Because all education is religious, and all education is training for worship of one god or another (i.e., money, status, self, Yahweh), Geneva Academy seeks to self-consciously educate students toward the right worship of the true God, true disciples of Christ. This worship is worship with heart, hands, mind, feet and tongues; and the corporate worship of God’s people is at the center. We need training in order to do this well.
Geneva Academy aims at assisting parents and the church in training and maturing such worshippers of God. Right worship will bring about, through the blessing of God and the work of His Spirit, the sure growth of Christ’s Kingdom.
The particular means used to accomplish the goal of teaching “worshipping man”(homo adorans) can best be historically described as a Reformational classicism. The Reformers knew the classics of the ancient and medieval world, their languages, philosophies, theologies and religions. They also knew their contemporaries and interacted effectively. They began with a solid biblical foundation in order to view the world rightly.
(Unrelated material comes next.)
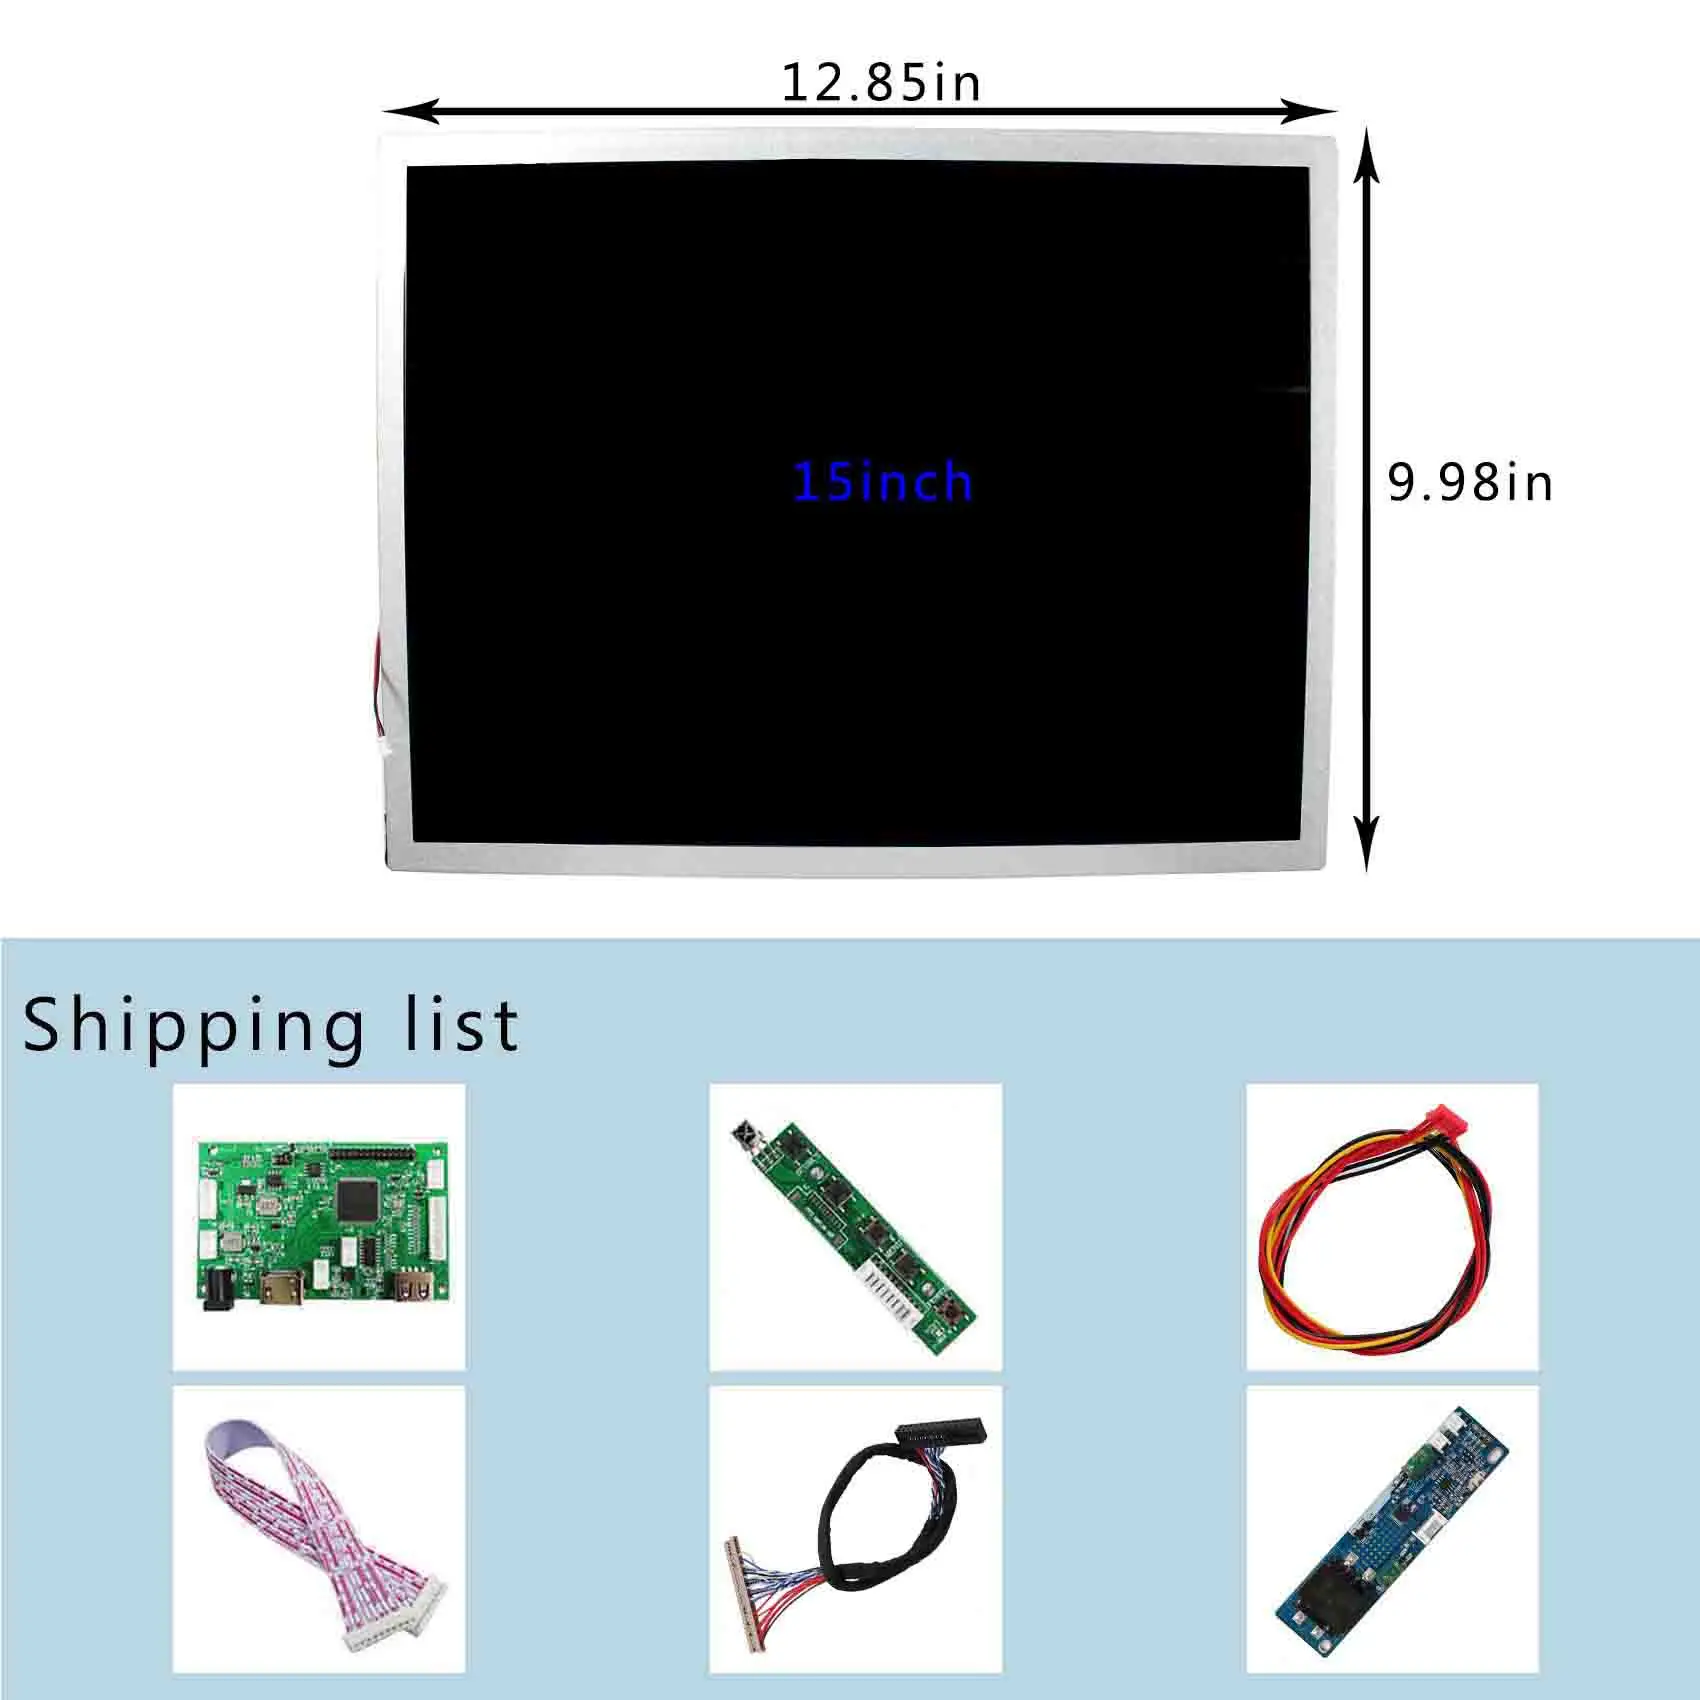 15inch 1000nit חיצונית 1024x768 מסך LCD HDMI USB LCD בקר הלוח
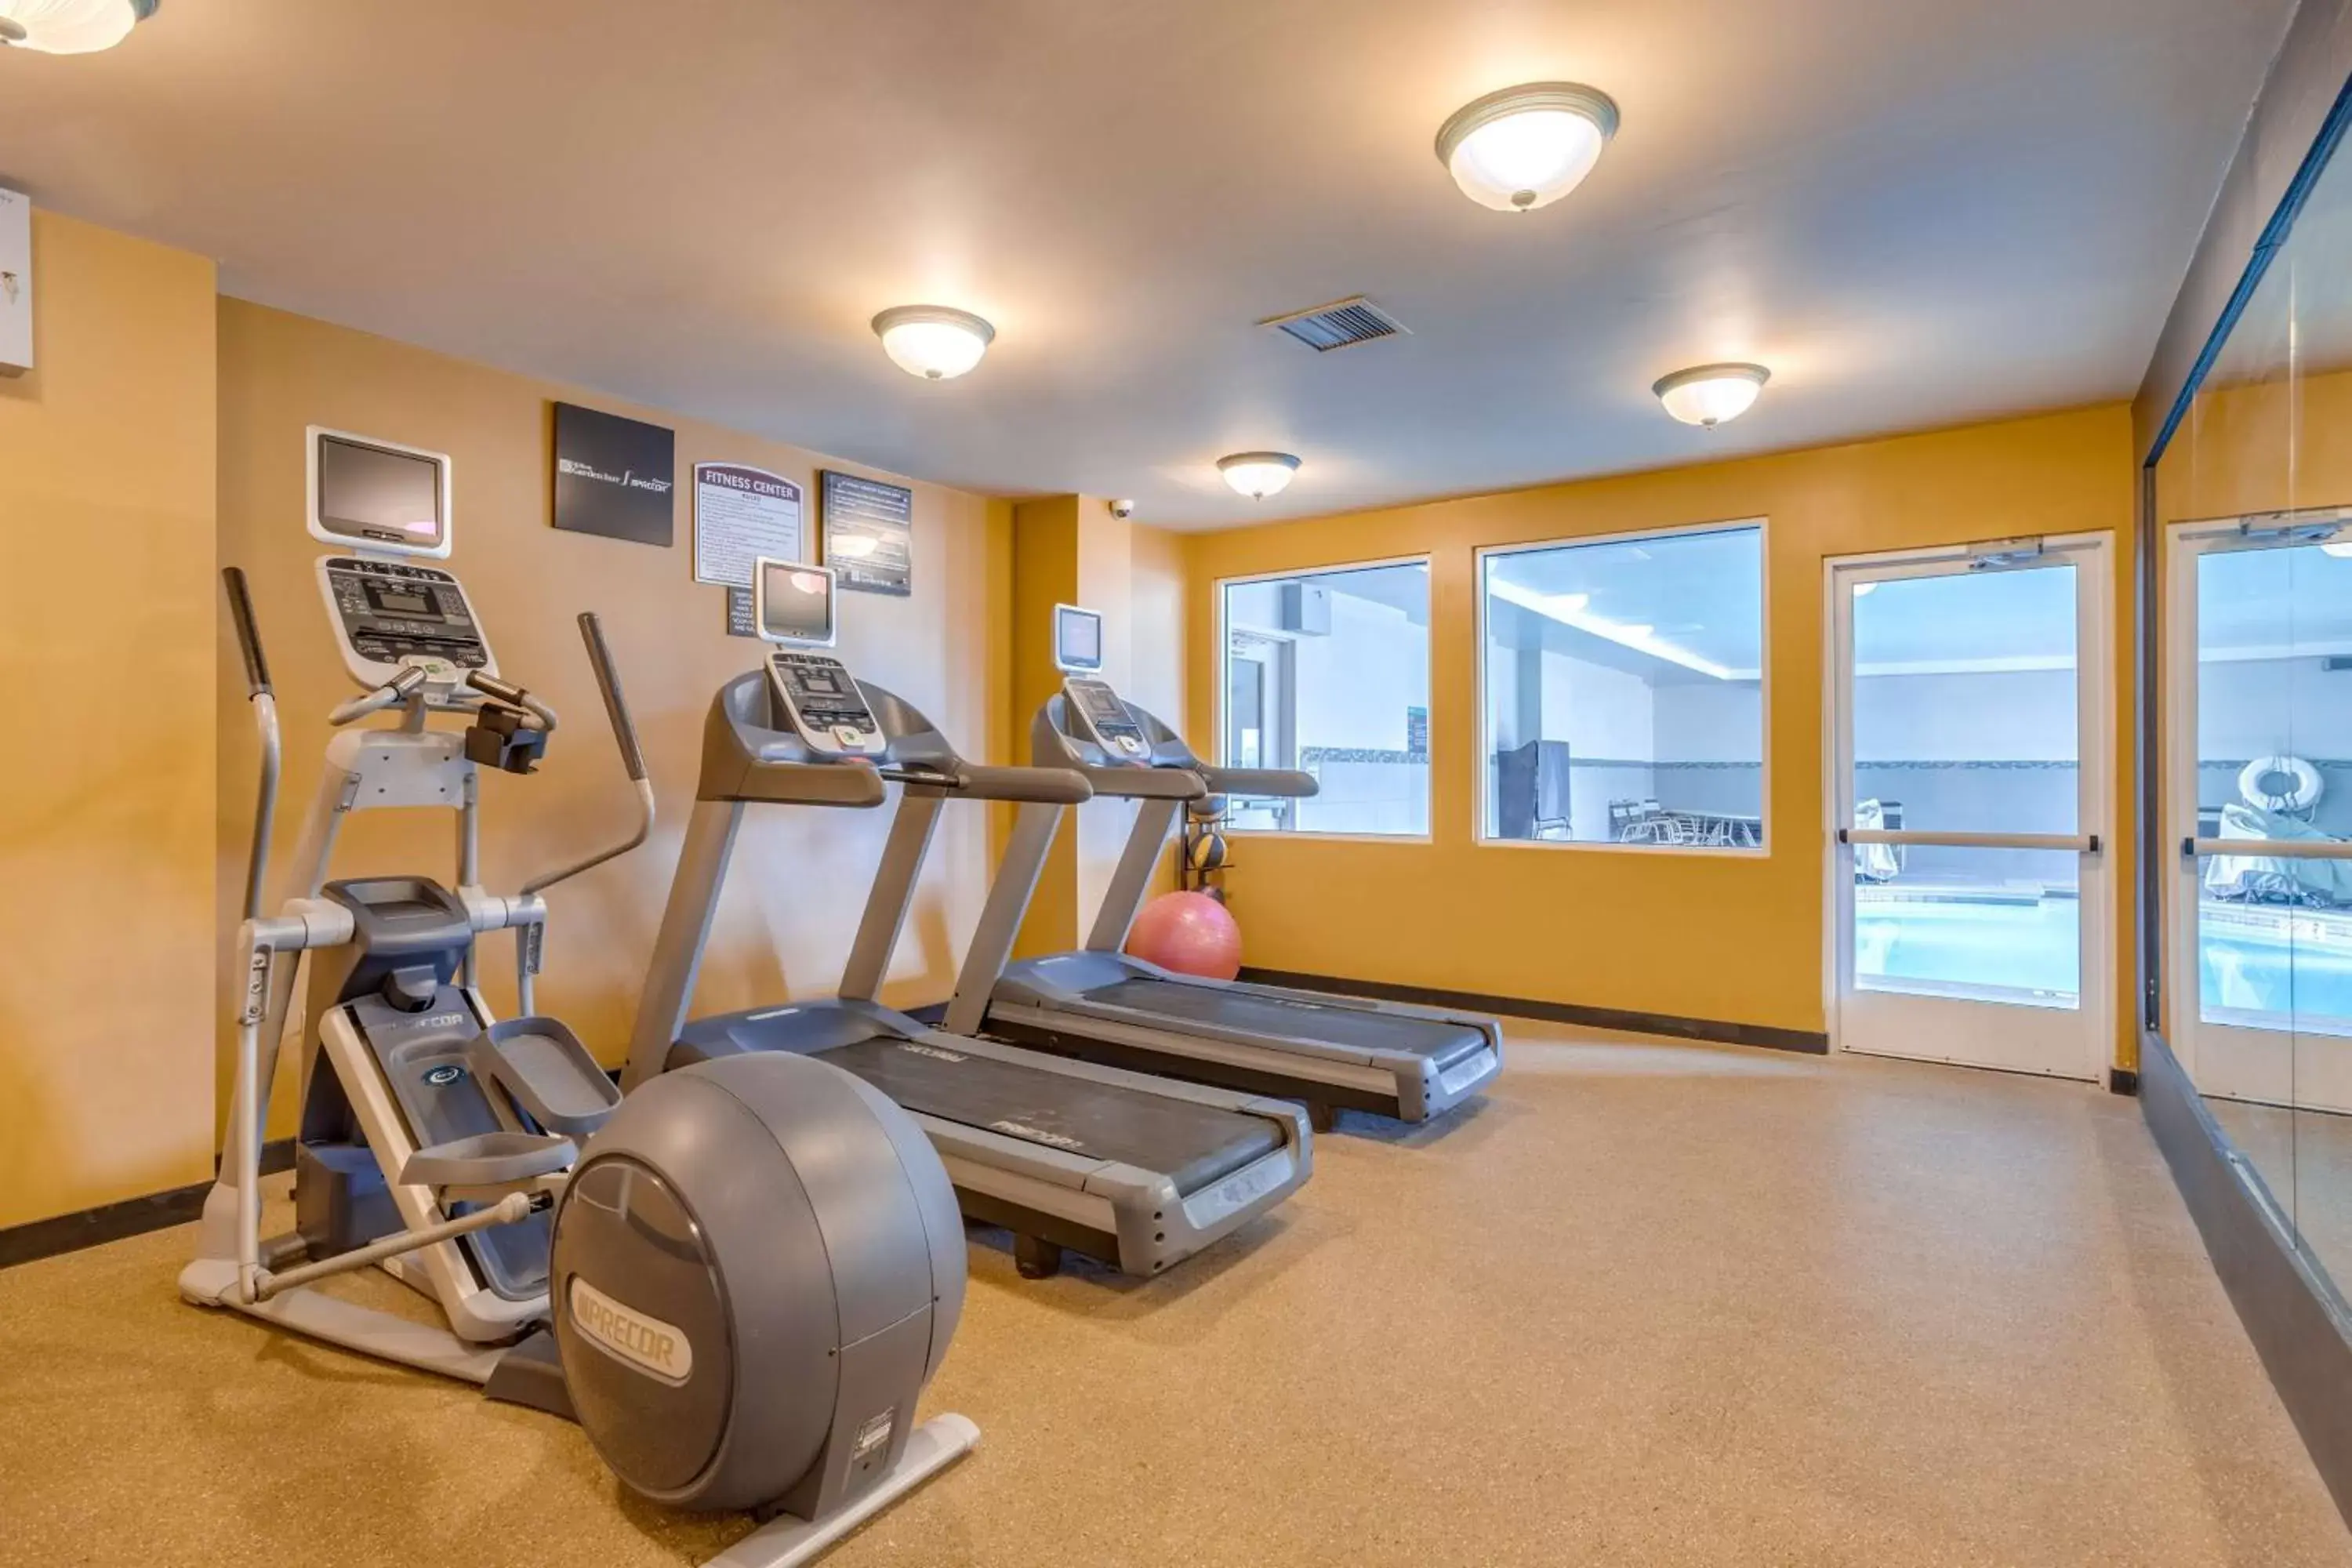 Fitness centre/facilities, Fitness Center/Facilities in Hilton Garden Inn Cincinnati/Sharonville

Likewise, we begin with God’s Word and His way of thinking in order to rightly view the ideas of all the ages, learn from them, and then live faithfully. We hope to train young men and women how to think and what to think, but ultimately, it is our goal that our students live the truth – a cruciform life of service to God and to others.
The Trivium
We believe that the “classical” trivium is the best methodology for schooling. As first formulated by Cassiodorus, and as later revived and explained by Dorothy Sayers, the trivium seeks to teach toward the strengths of the child. The grammar, logic, and rhetoric of the trivium are the “three ways” in which the student is taught.
The grammar stage (K-6) emphasizes the facts to be known.
The logic stage (7-9) concentrates on the way those facts relate to one another.
The rhetoric stage (10-12) develops the winsome presentation of those facts.
We believe in continual reformation toward the image of God and are always seeking new insights into biblical methods of teaching.